In considering the ramifications of the debate over gay marriages and civil unions, remember that not only do individual decisions affect your client’s financial life, the decisions made by one state may affect the planning efforts of advisors within that state and others. Here are some planning issues that will be affected by the outcome of the debate.
Federal Programs and Benefits
If a state recognizes two men or two women as a married couple, then it seems to me that the federal government would be obligated to provide the following benefits:
Retirement Provisions. Under ERISA, the automatic retirement distribution for a married participant in a qualified retirement plan is at least a joint and 50% survivor income for the surviving spouse.

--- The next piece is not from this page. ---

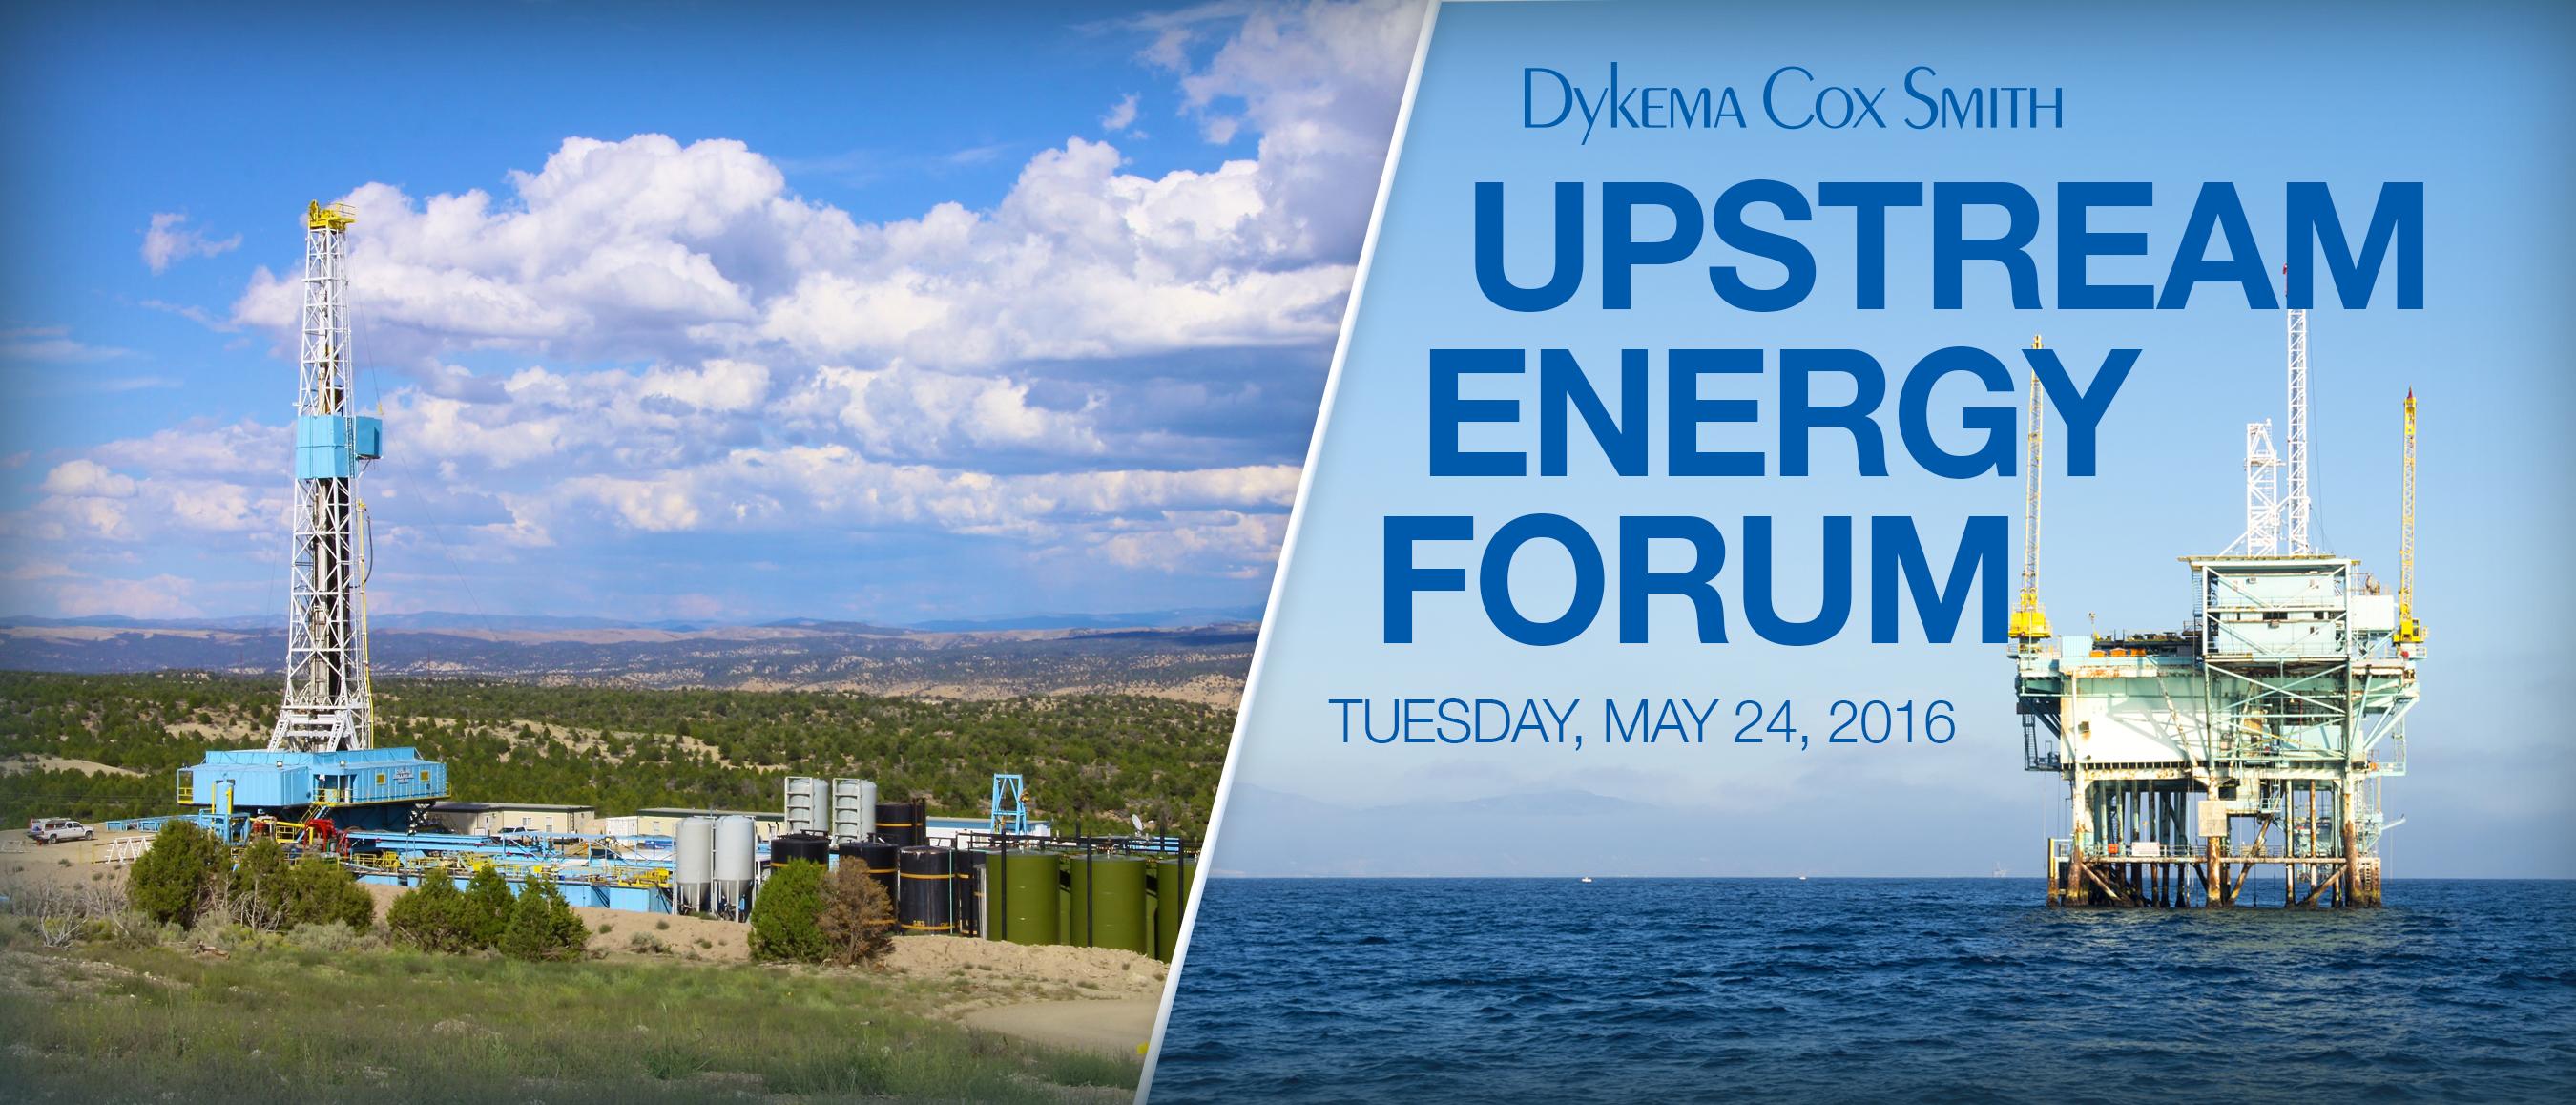 Dykema Cox Smith's Upstream Energy Forum

Any other distribution–or naming any other beneficiary–requires the spouse’s consent. Under federal law, a spouse is defined as a party in a marriage. “Domestic partner,” “life partner,” or “significant other” is not a currently defined legal term under federal law, even if they are defined as such under state law.
A married spouse can take advantage of an IRA rollover that can provide a longer period of income tax deferral. Minimum required distributions for single participants are larger than they are for married participants, which also enables the couple to extend the tax deferral of these accounts.
Under Social Security, a spouse is entitled to receive survivor benefits. I doubt that the survivor of a civil union would be entitled to such benefits.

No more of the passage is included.